Since pictures are not part of the copy, please output only the lines from the one with "Раскраска для детей: поезд" through the end of the data below, exactly as written.

═══ DATA

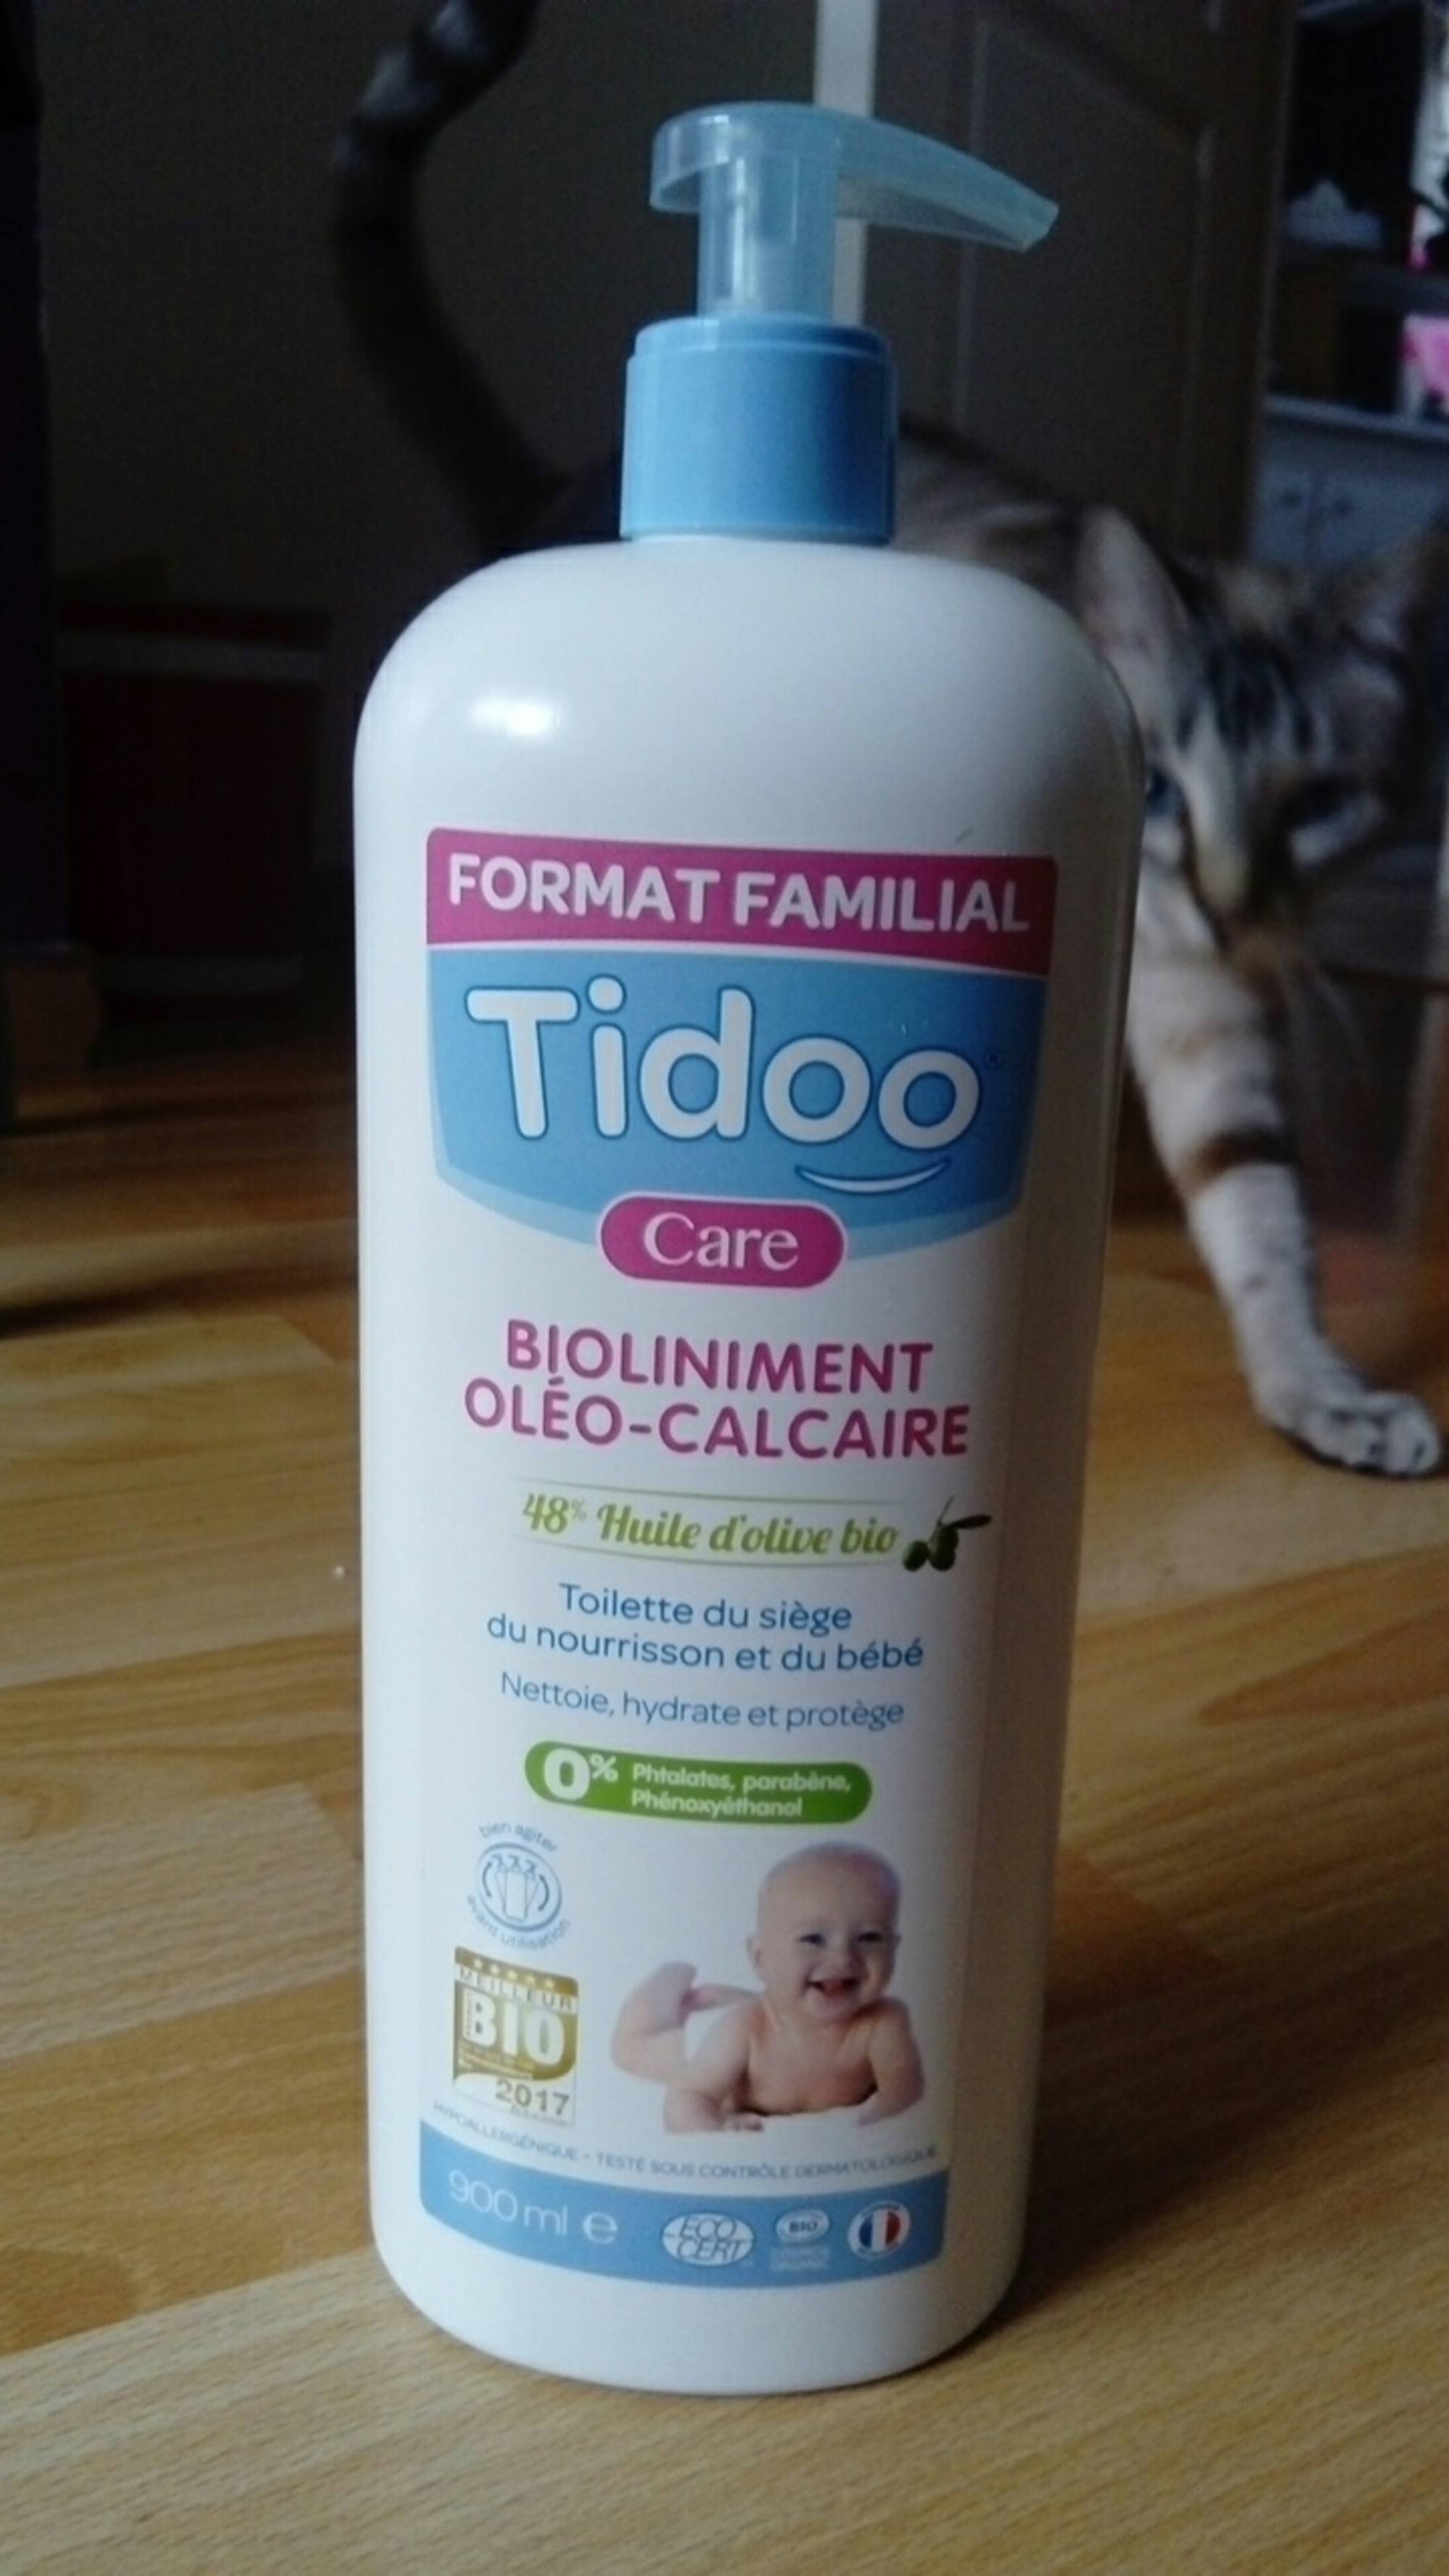 TIDOO - Care - Bioliniment oléo-calcaire
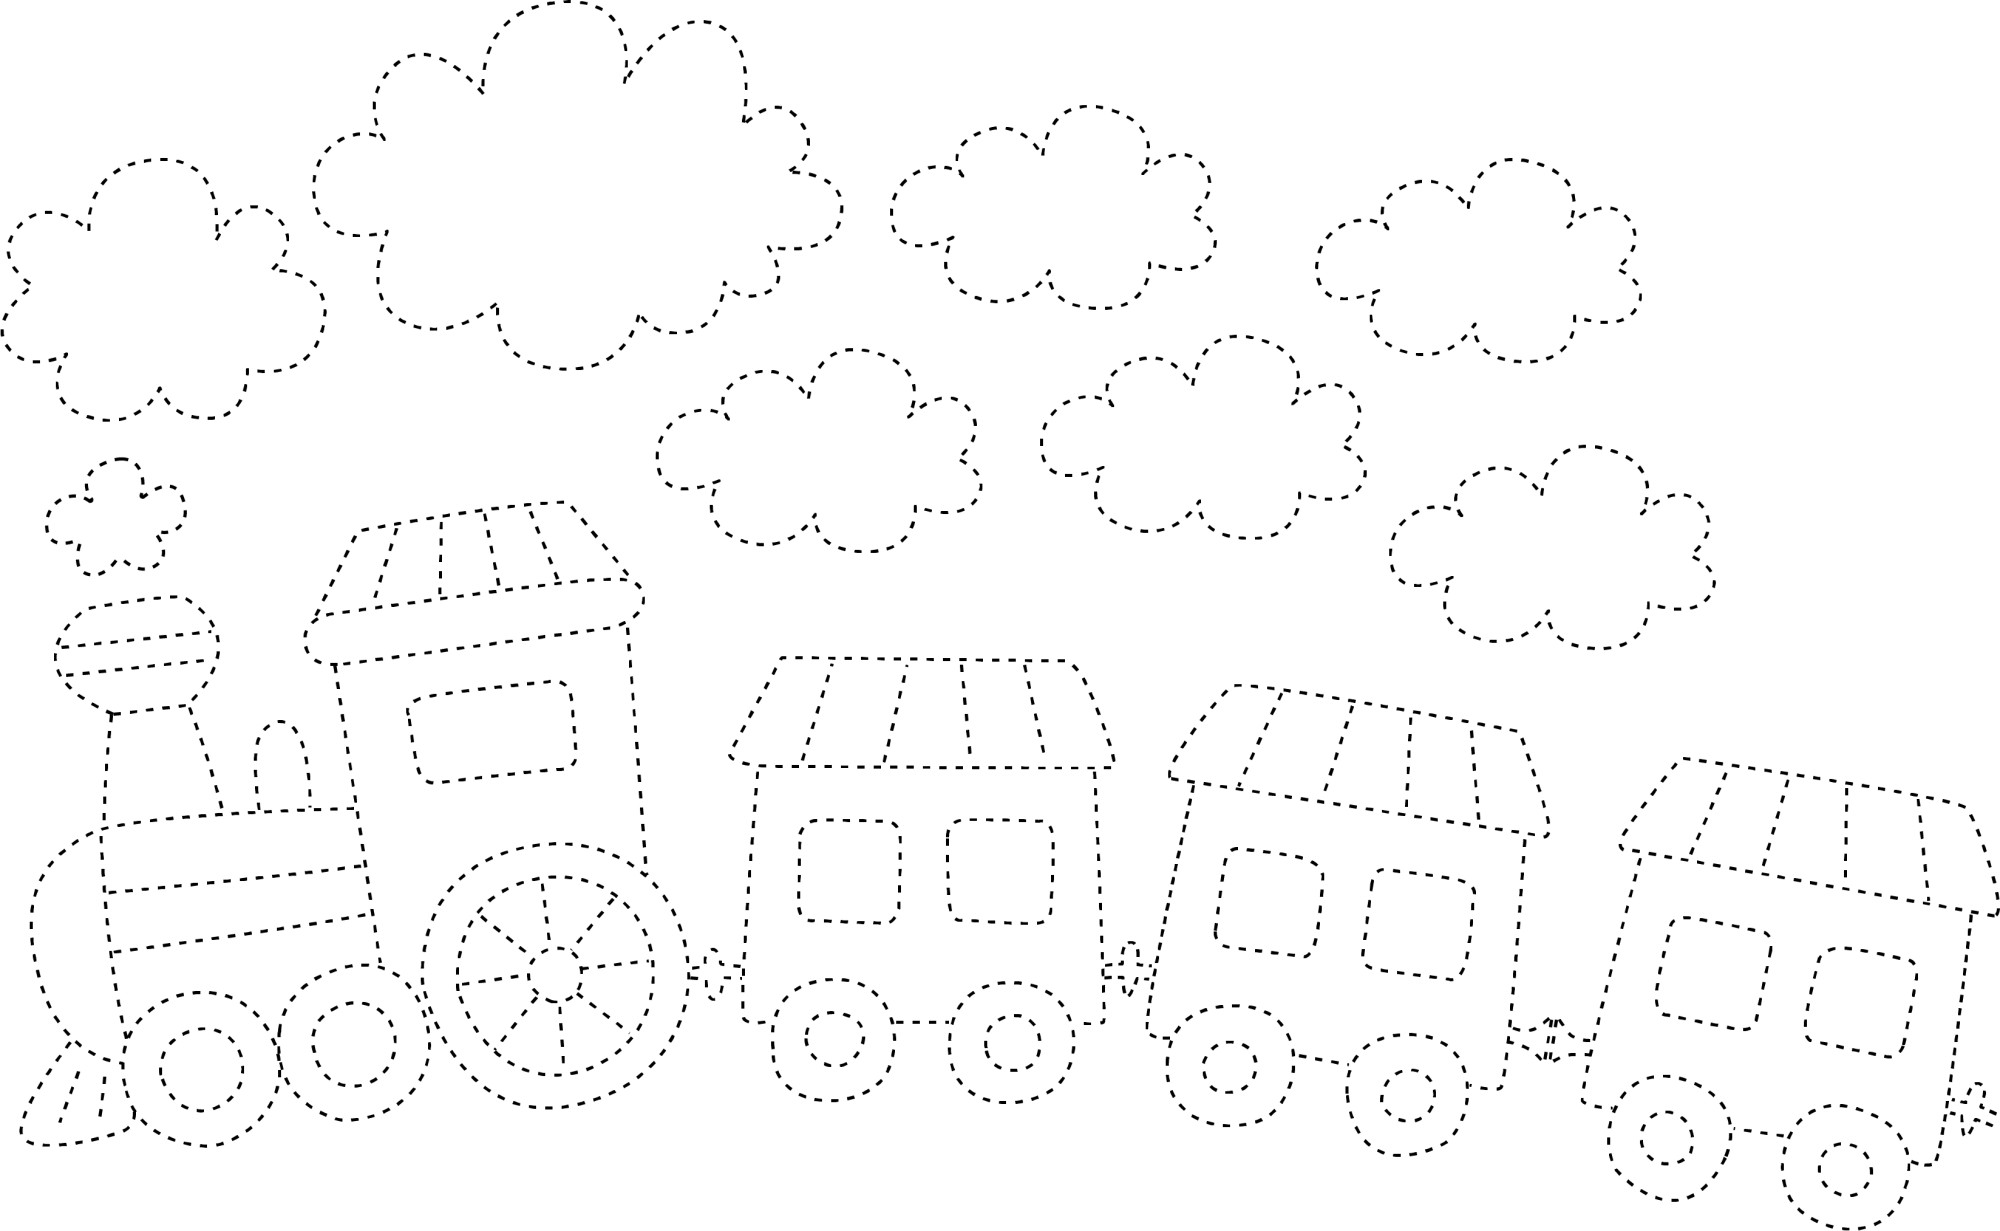 Раскраска для детей: поезд с тремя вагонами по точкам
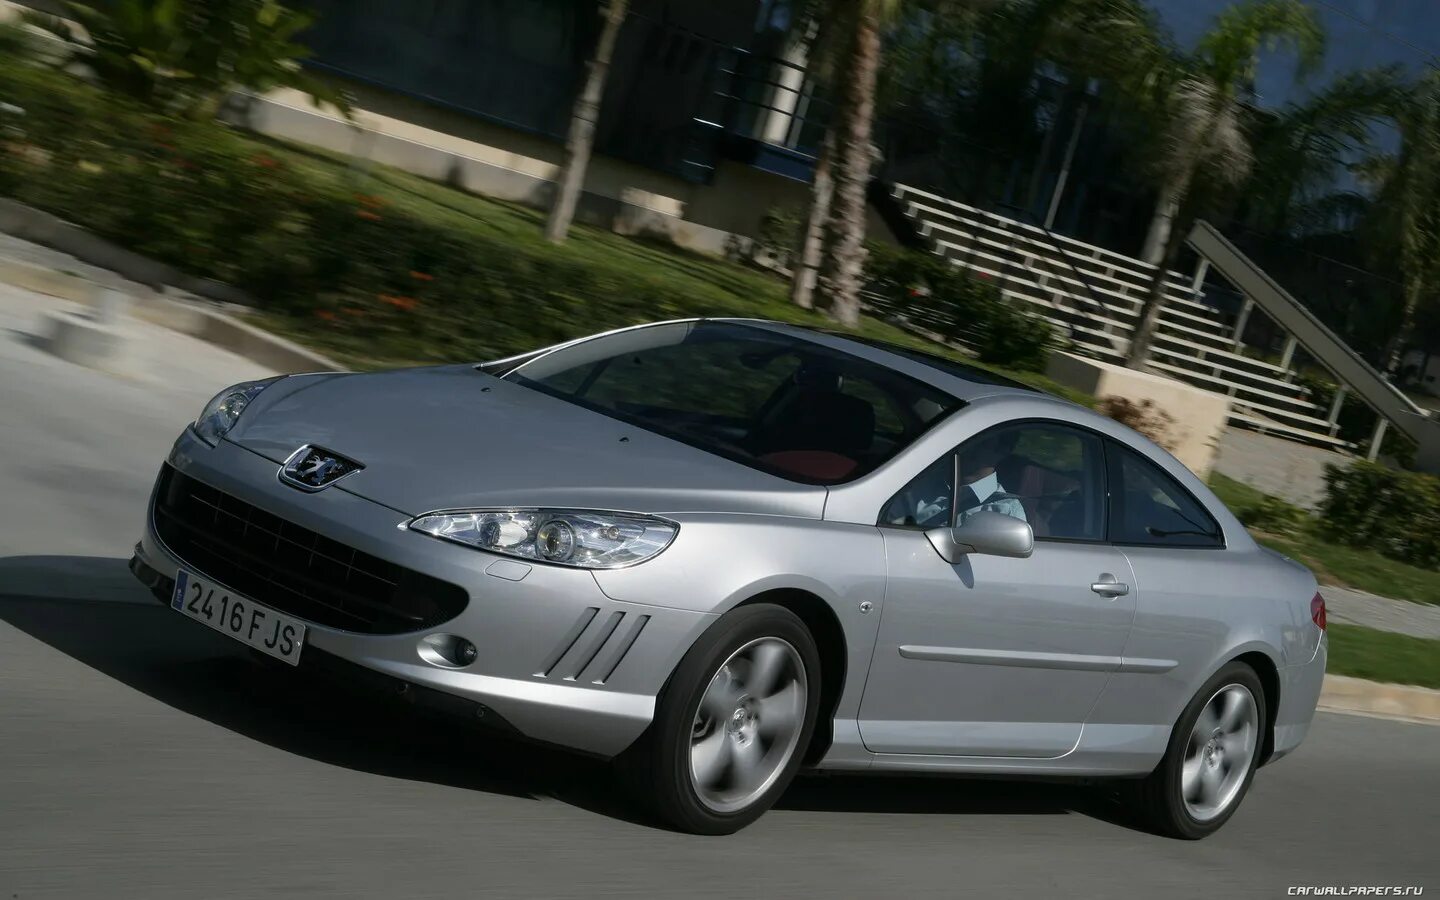 Peugeot 407 Coupe 2007. Peugeot 407 Coupe White. Peugeot 407 Coupe Full. Пежо 407 купе 2007. Купить пежо в красноярске

══════

» **SOLUTION TO THIS EXERCISE**
 Раскраска для детей: поезд с тремя вагонами по точкам
 Peugeot 407 Coupe 2007. Peugeot 407 Coupe White. Peugeot 407 Coupe Full. Пежо 407 купе 2007. Купить пежо в красноярске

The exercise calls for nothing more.